Task: Set down the lines below, exactly, starting at the one that contains "Lamborghini Cell screen saver wallpaper" and stopping at the last line, inclusive. Omit pictures.

Input data:
□ □ □

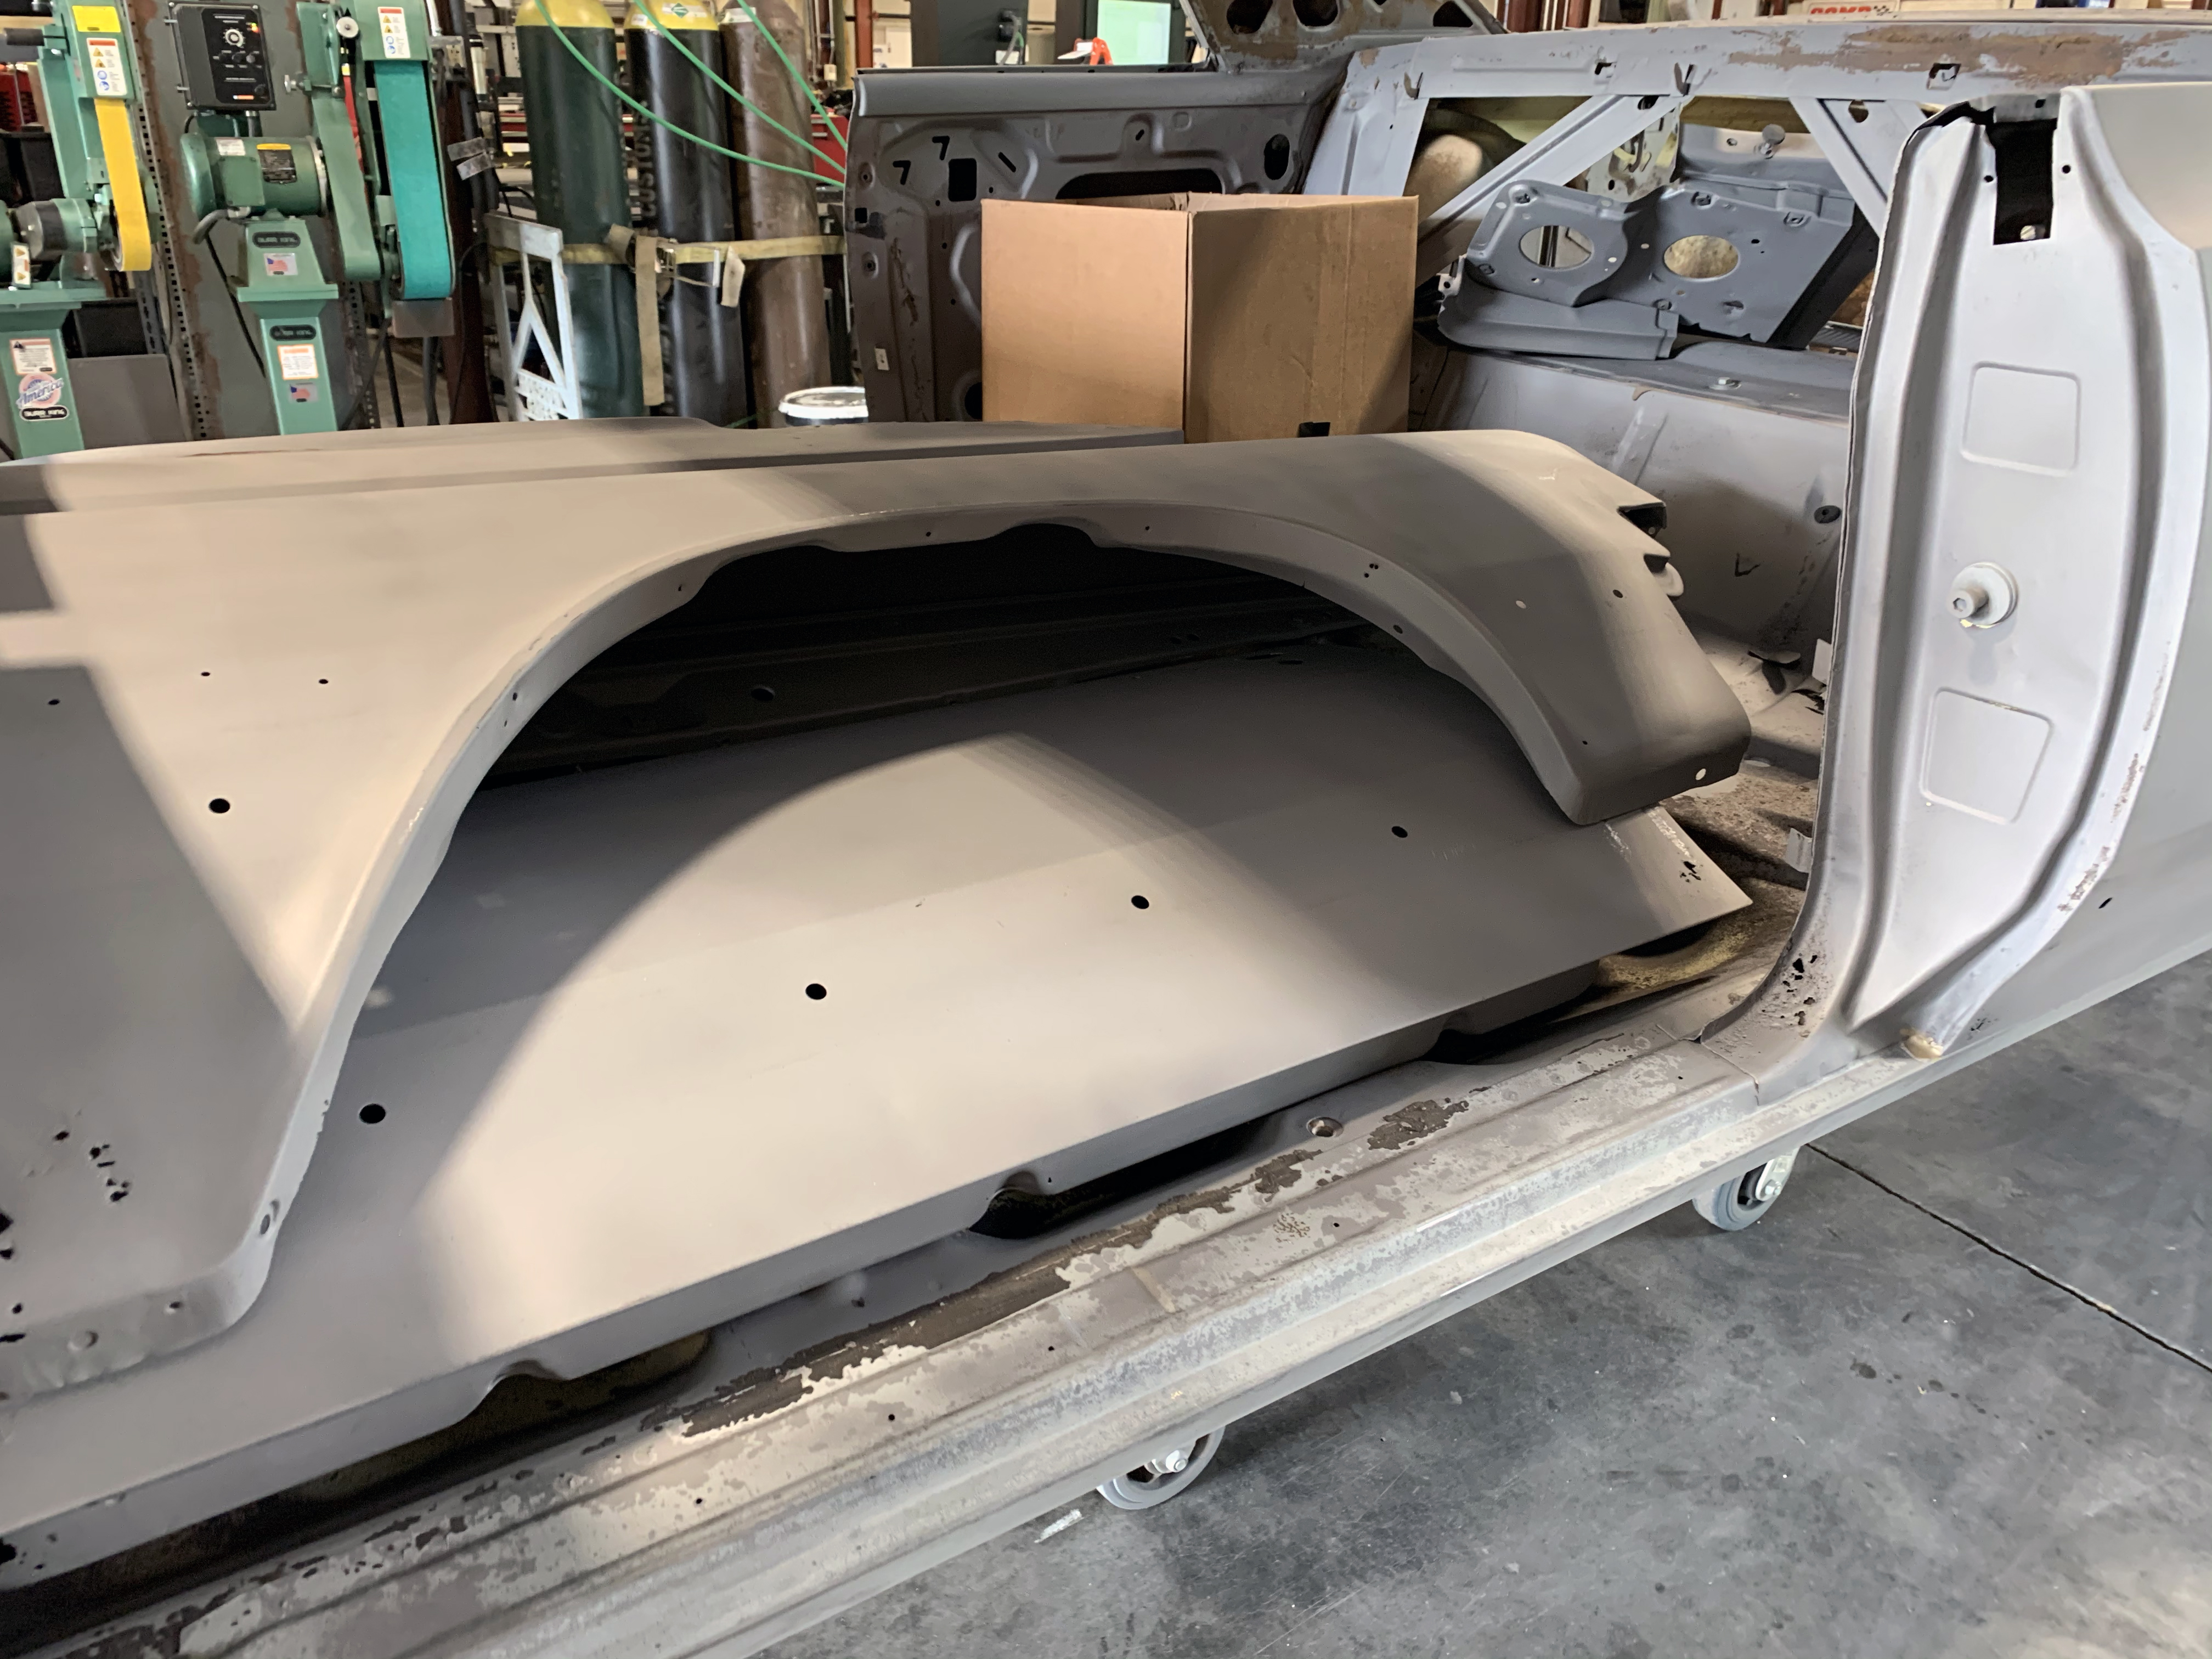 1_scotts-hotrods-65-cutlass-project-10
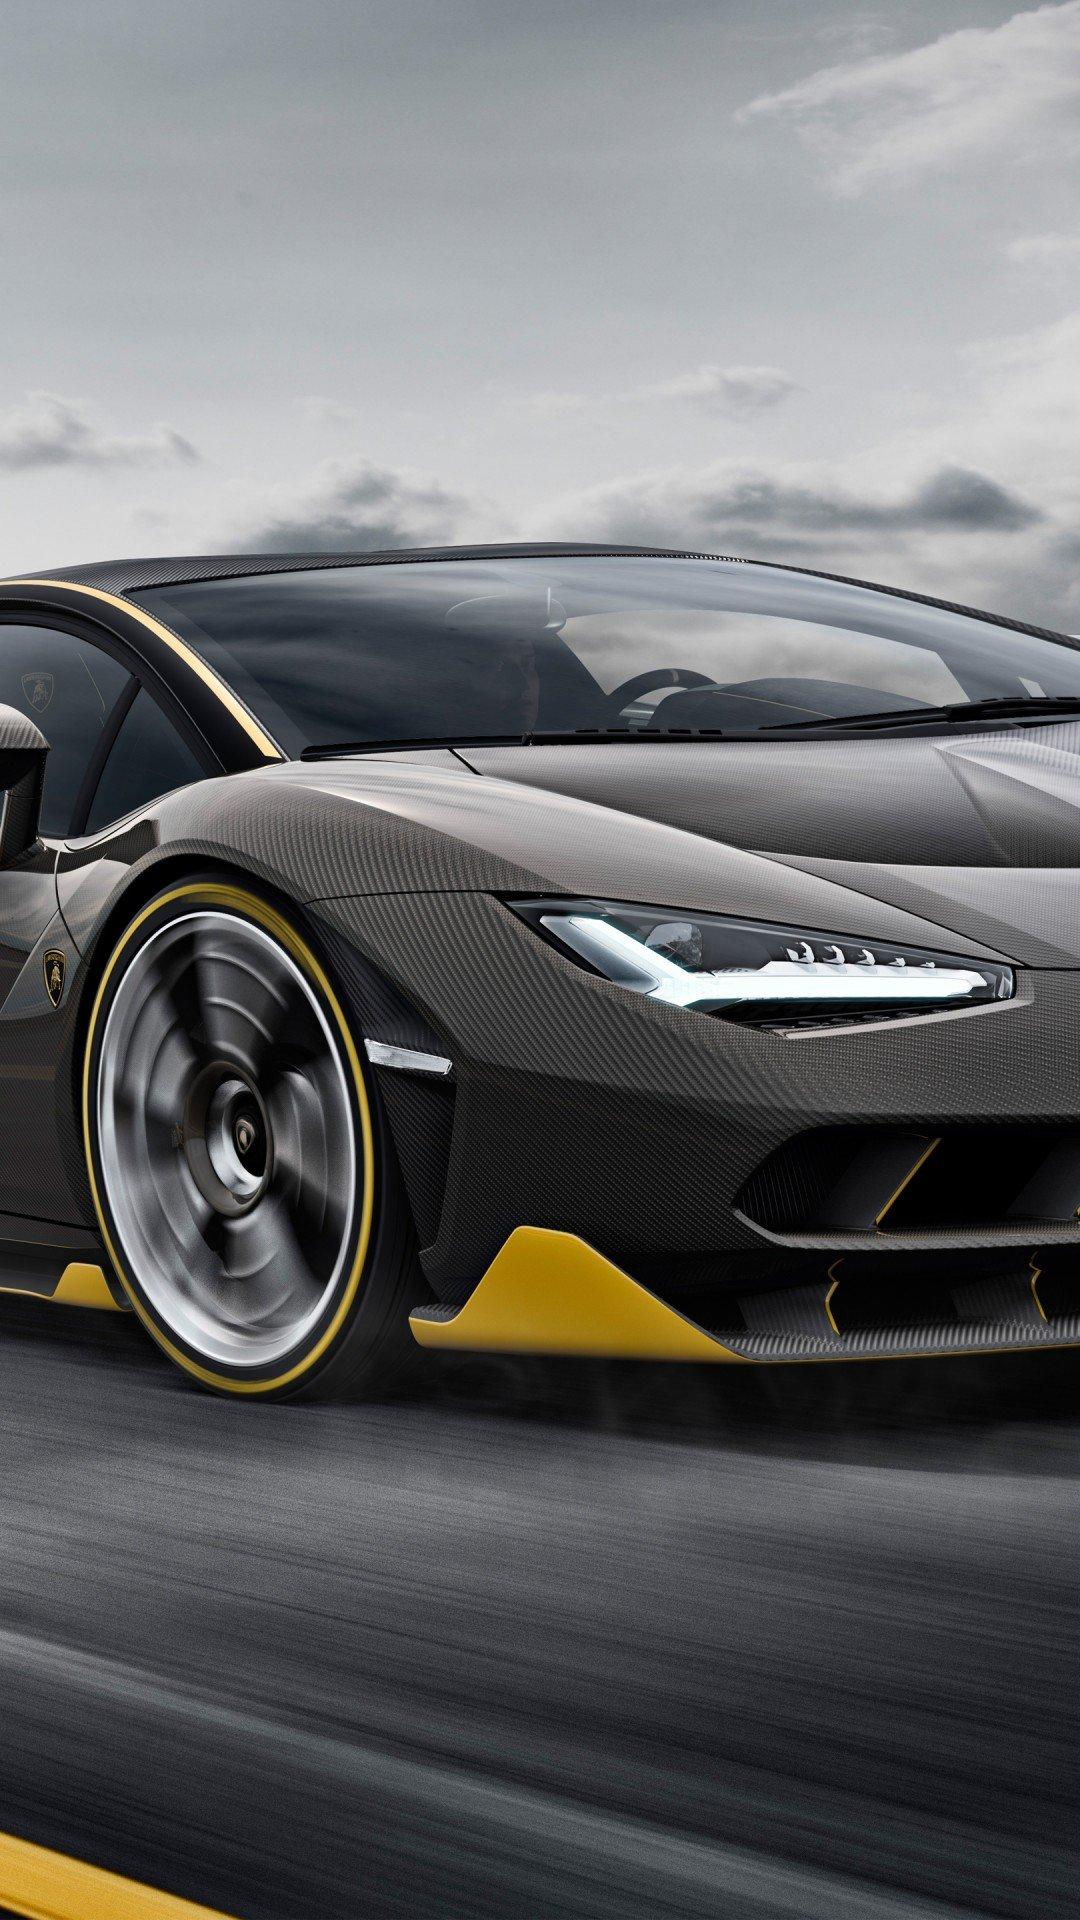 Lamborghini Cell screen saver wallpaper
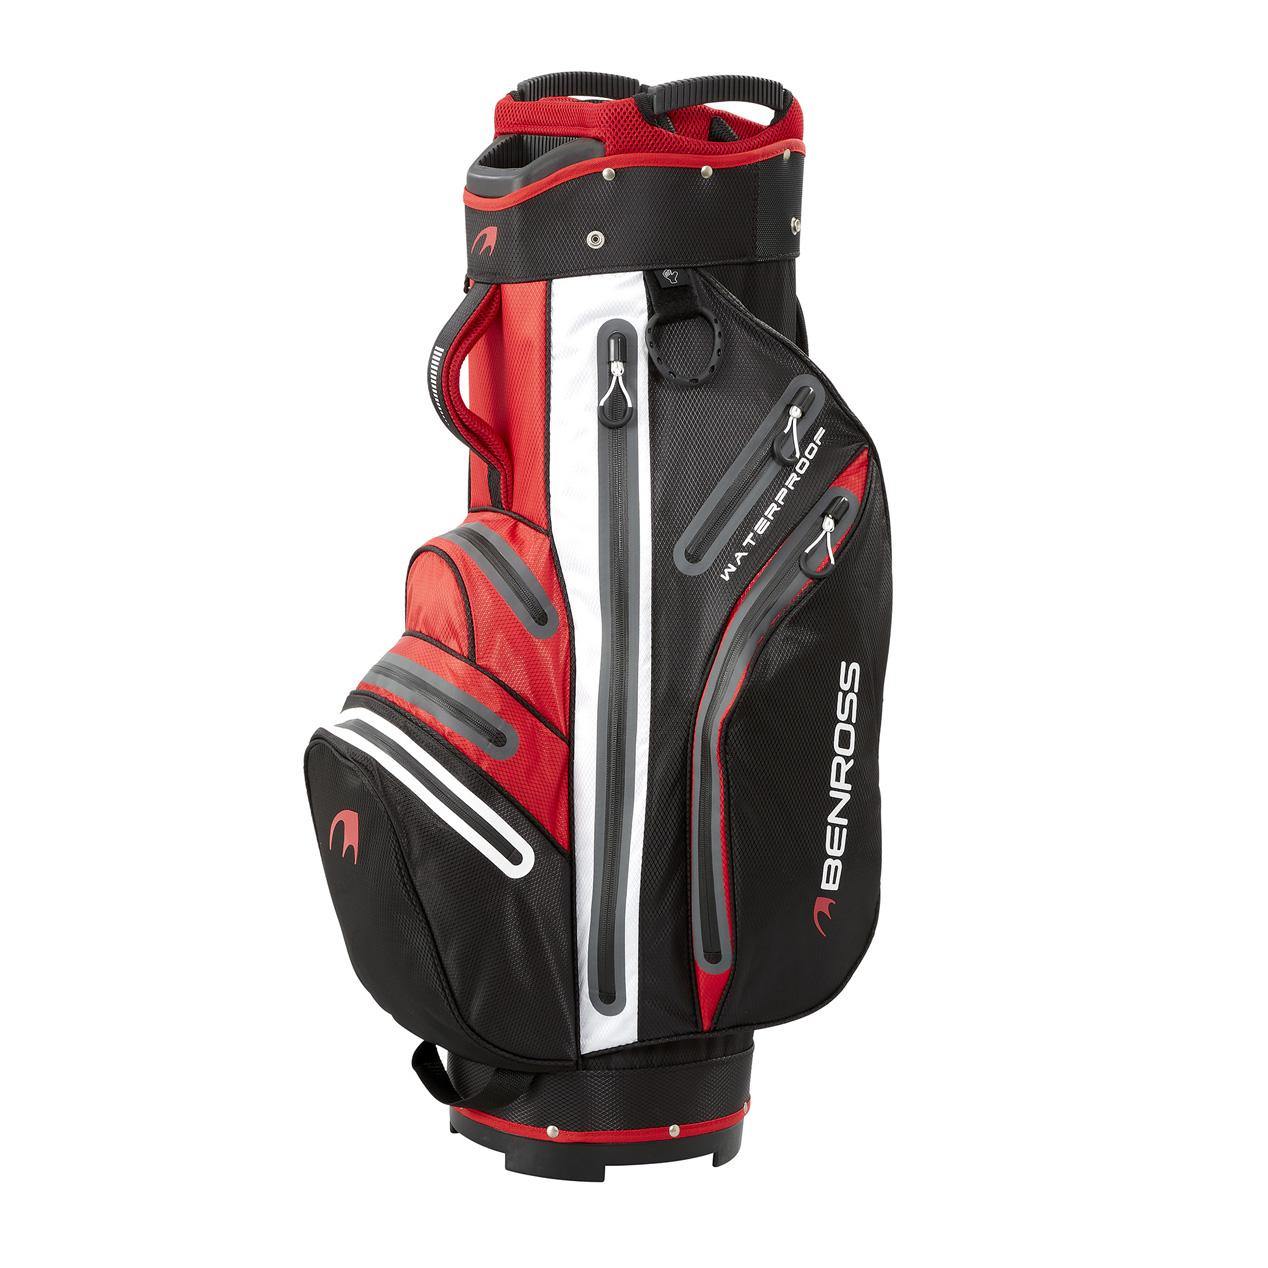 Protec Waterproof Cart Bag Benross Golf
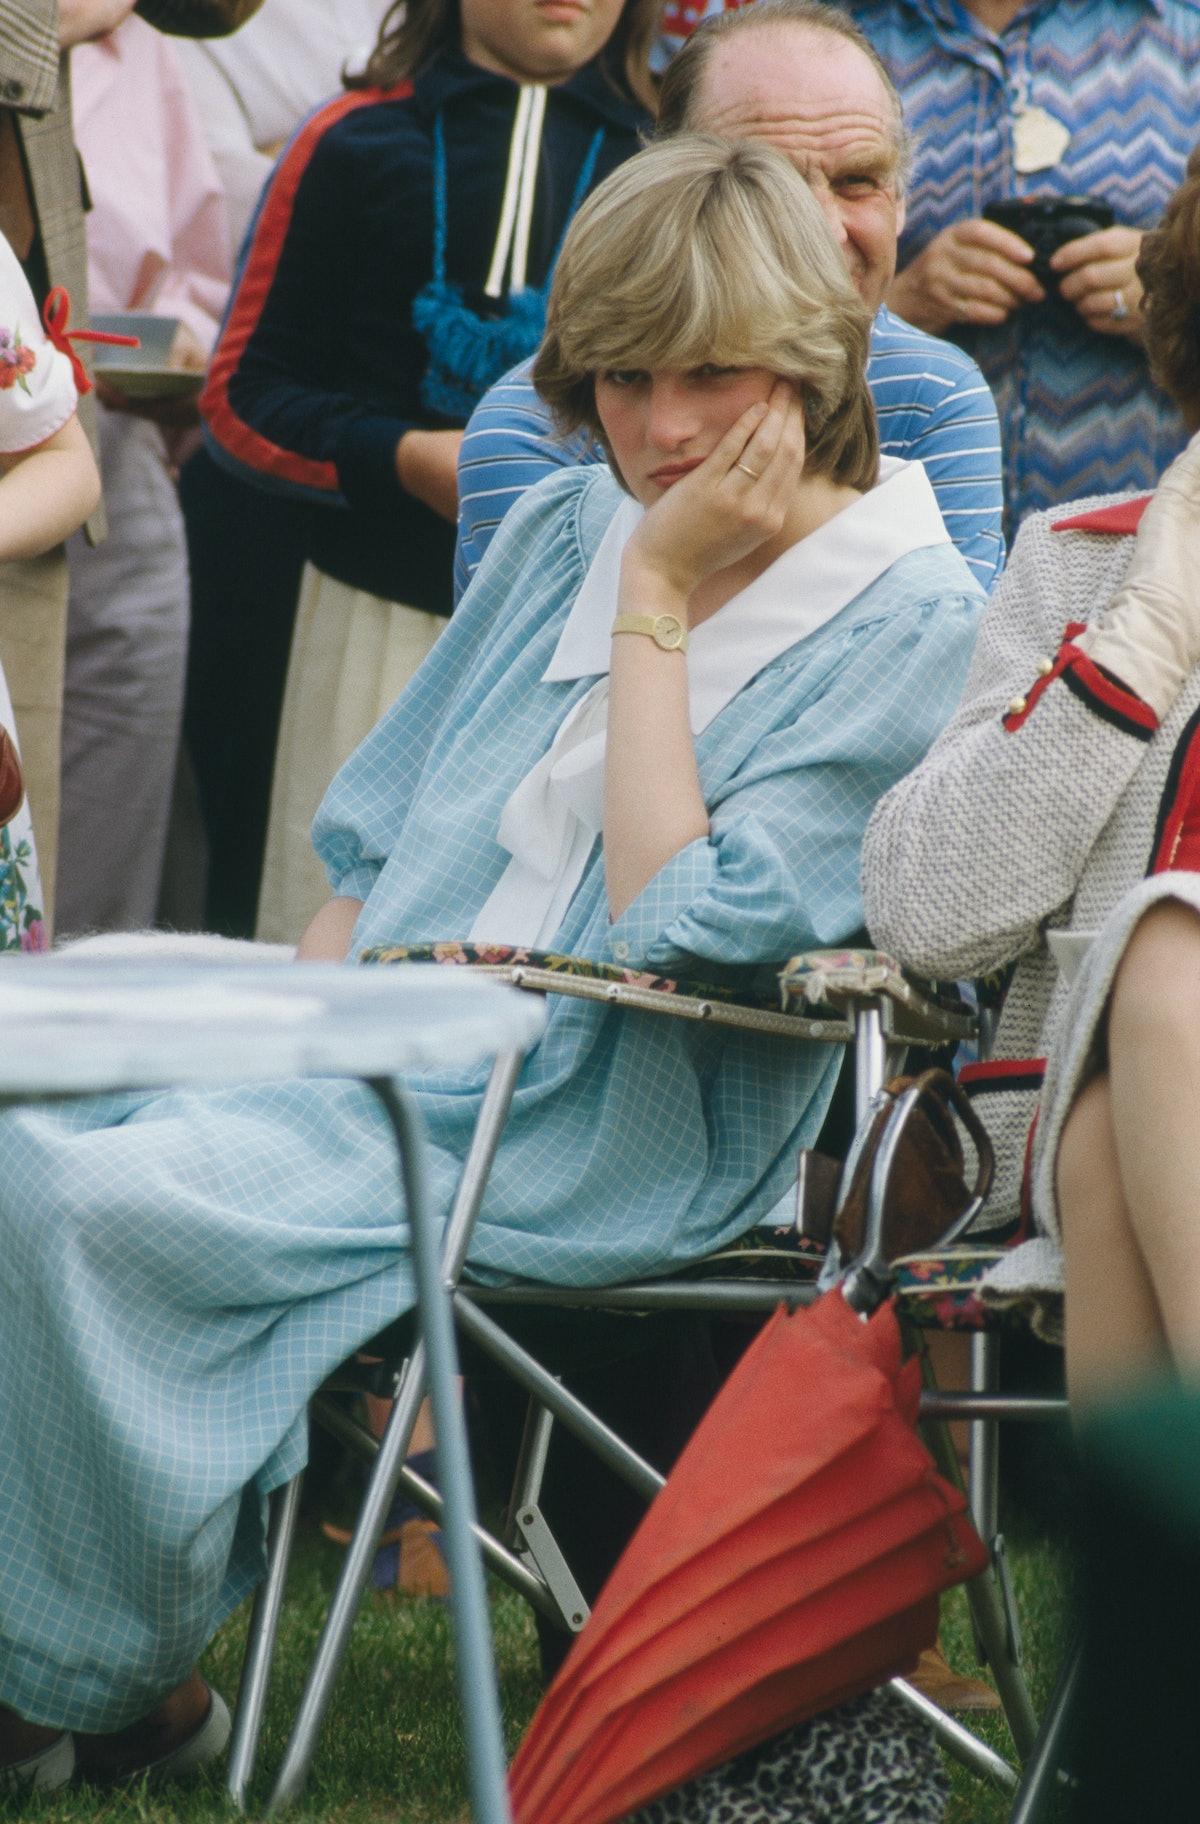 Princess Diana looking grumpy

□ □ □

Result of the task:
 Lamborghini Cell screen saver wallpaper
 Protec Waterproof Cart Bag Benross Golf
 Princess Diana looking grumpy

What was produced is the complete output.